In Chapter 13, when the Monster discovers its own ugliness and realizes people have been judging it based on its appearance rather than its nature, he describes the experience of gaining this knowledge through personification and simile: 

Of what a strange nature is knowledge! It clings to the mind when it has once seized on it like a lichen on the rock. I wished sometimes to shake off all thought and feeling.

Simile

In Chapter 2, Victor uses a simile of a rushing torrent to describe how his extreme thirst for knowledge began:

For when I would account to myself for the birth of that passion, which afterwards ruled my destiny, I find it arise, like a mountain river, from ignoble and almost forgotten sources; but, swelling as it proceeded, it became the torrent which, in its course, has swept away all my hopes and joys.

Writing Style

The plot of the novel is epistolary.
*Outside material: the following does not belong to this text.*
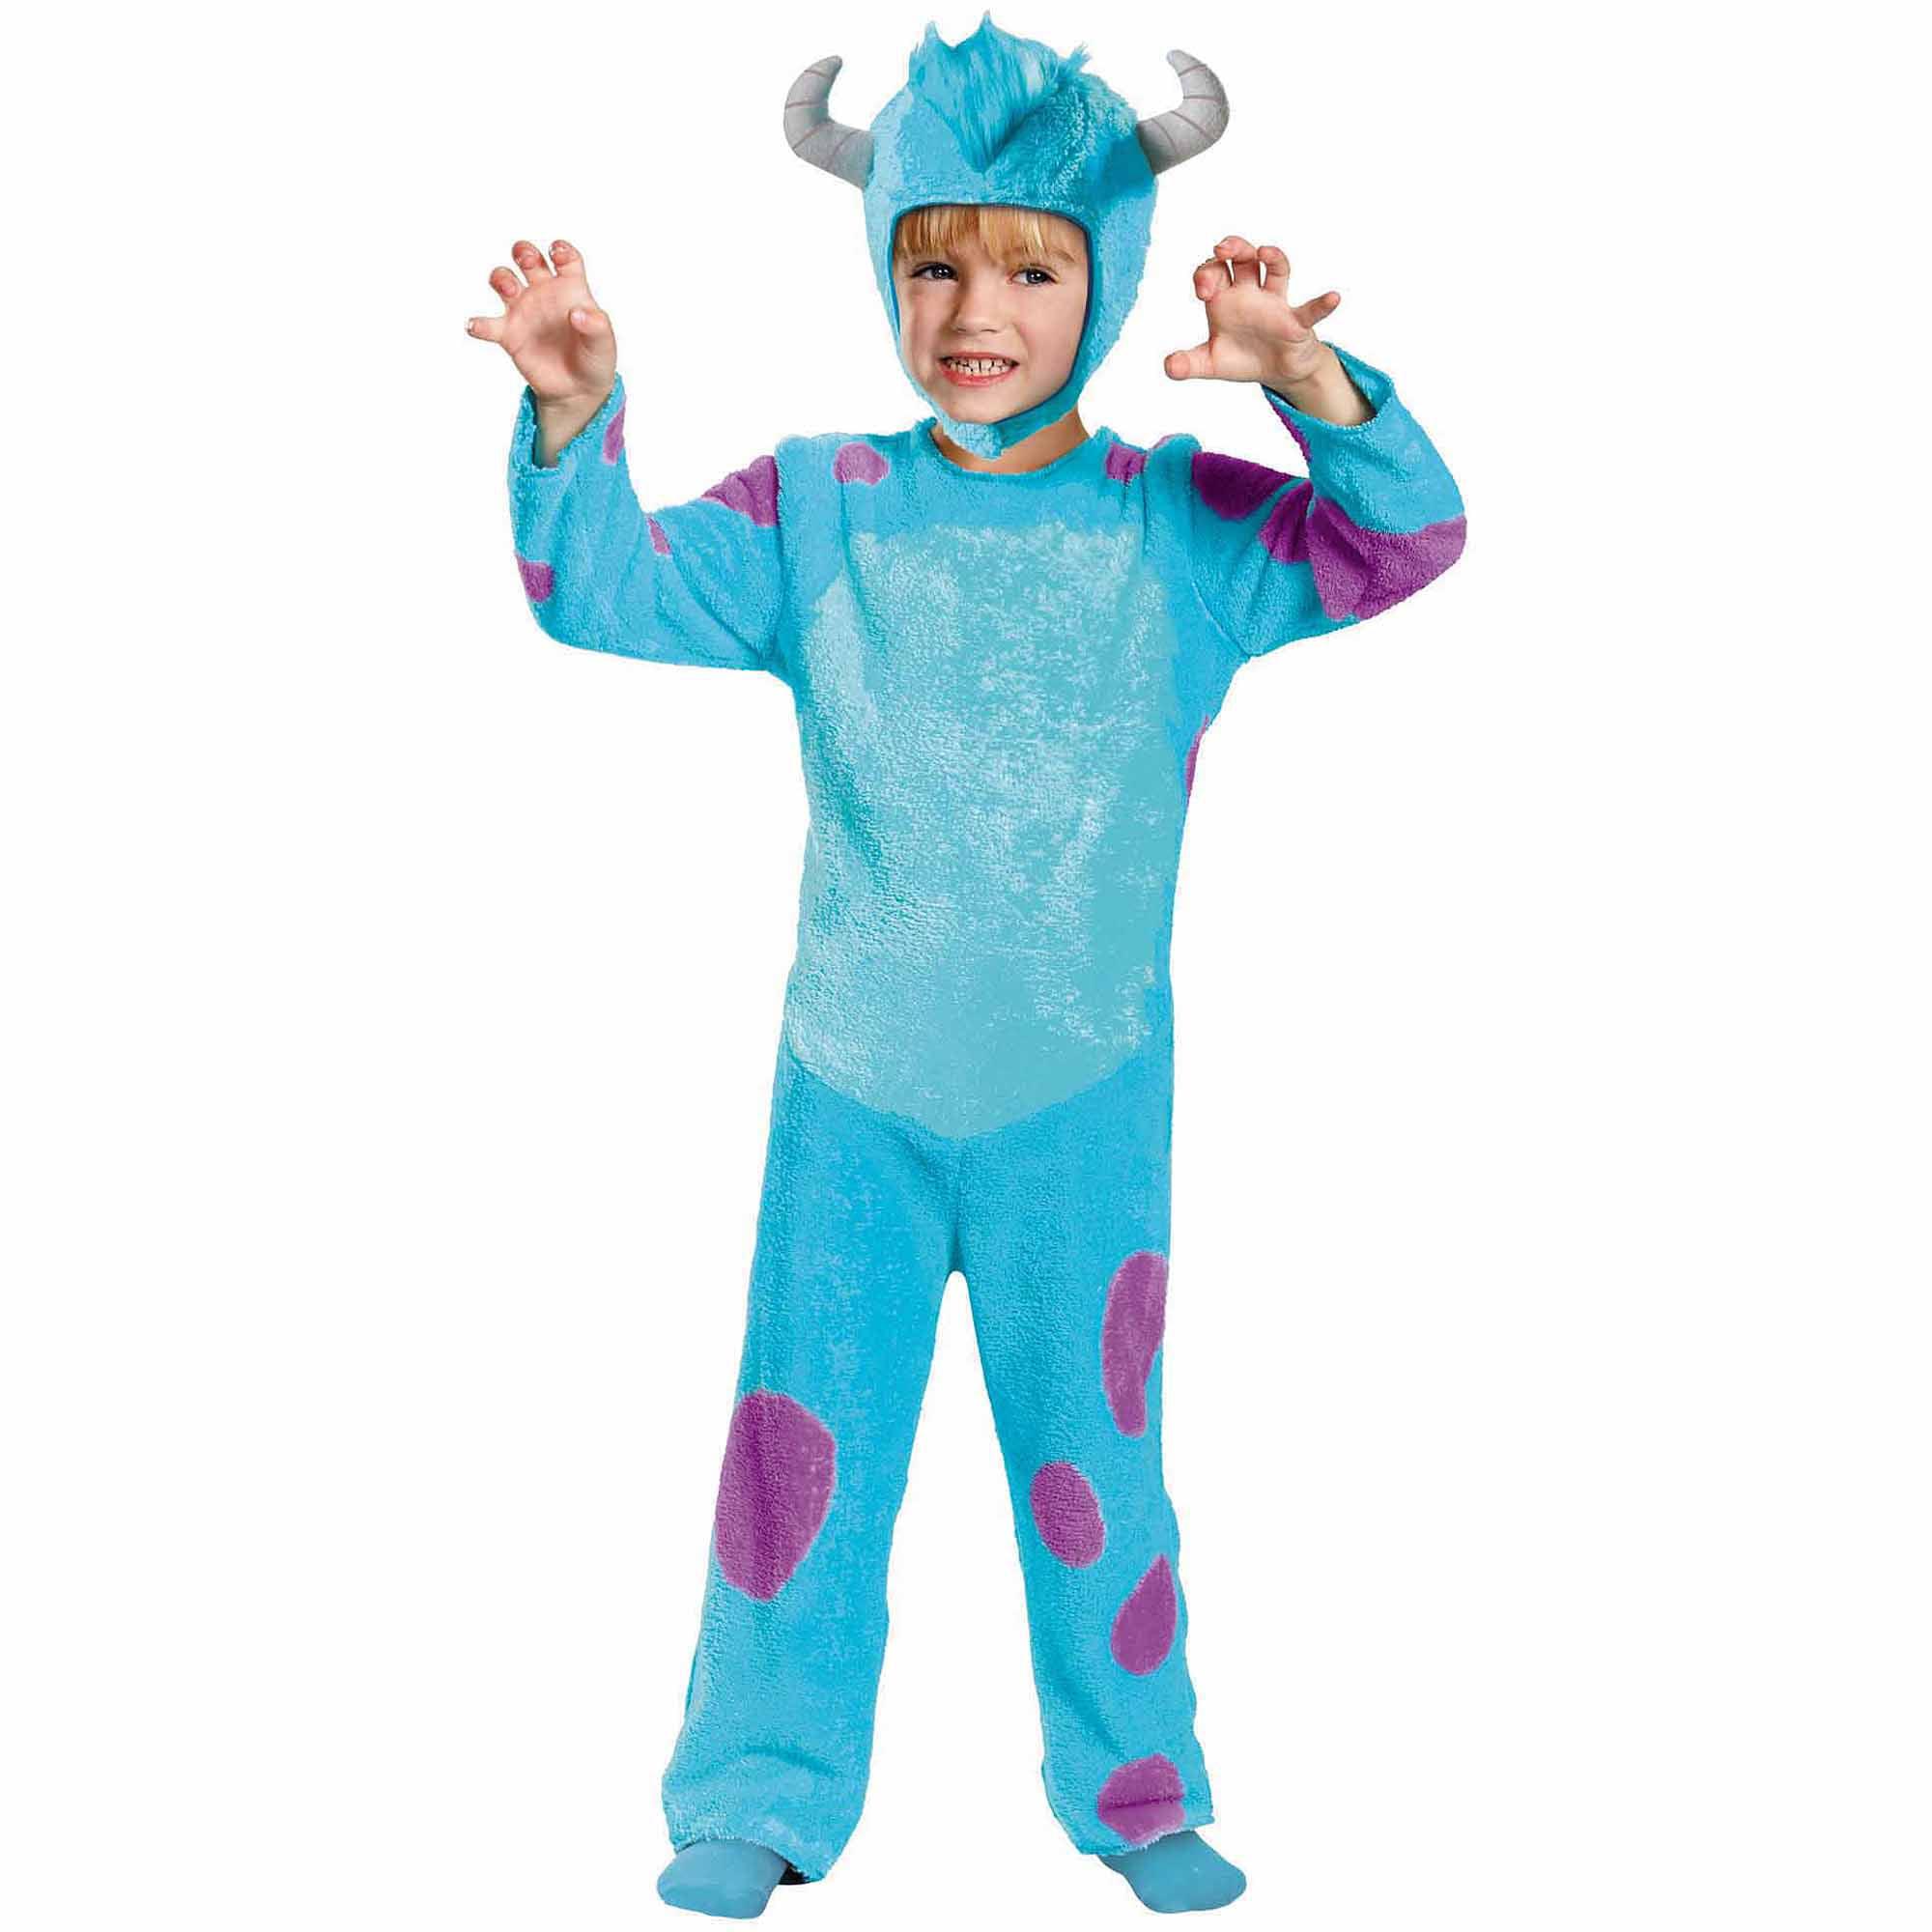 banana adult costume walmartcom - Utah Halloween Stores

The story is narrated through the first-person accounts of Captain Walton, Victor Frankenstein, and the monster himself. Moreover, Frankenstein is also a frame story. It means a story framed or surrounded by another story or a series of stories.

The novel’s style, typical of Gothic literature, is characterized by elevated, formal, and emotional language. All throughout Frankenstein, characters express intense feelings of fear, love, and hatred. At times the novel’s style is poetic, for example in Letter 2, when Walton describes himself as lonely in a letter to his sister:

You may deem me romantic, my dear sister, but I bitterly feel the want of a friend. I have no one near me, gentle yet courageous, possessed of a cultivated as well as of a capacious mind, whose tastes are like my own, to approve or amend my plans.

Mood

The mood of Frankenstein is overall melodramatic and somber, and is expressed primarily through psychological imagery that reflects protagonist Victor Frankenstein’s mental and emotional state at the time. This is exemplified in the following passage from Chapter 5, after Victor creates the Monster and leaves his apartment, horrified:

Morning, dismal and wet, at length dawned, and discovered to my sleepless and aching eyes the church of Ingolstadt, its white steeple and clock, which indicated the sixth hour. The porter opened the gates of the court, which had that night been my asylum, and I issued into the streets, pacing them with quick steps, as if I sought to avoid the wretch whom I feared every turning of the street would present to my view. I did not dare return to the apartment which I inhabited, but felt impelled to hurry on, although drenched by the rain which poured from a black and comfortless sky.

Motif

The letters Robert Walton writes to his sister Margaret Saville, which follow his journey through the Arctic, frame the novel. This is an example of a frame story, a unifying tale in which other stories appear. Walton’s letters are an important narrative device that allow readers to gain a more complex perspective on the story’s events. They serve the very practical purpose of introducing Victor Frankenstein and giving Frankenstein an opportunity to tell his story—the heart of the novel.

Setting

Frankenstein was written during the Industrial Revolution, a period of scientific advancement and progress that completely transformed society. The novel reflects anxieties about the nature of scientific discovery and suggests scientific enlightenment has a chaotic side and doesn’t always transform society for the better.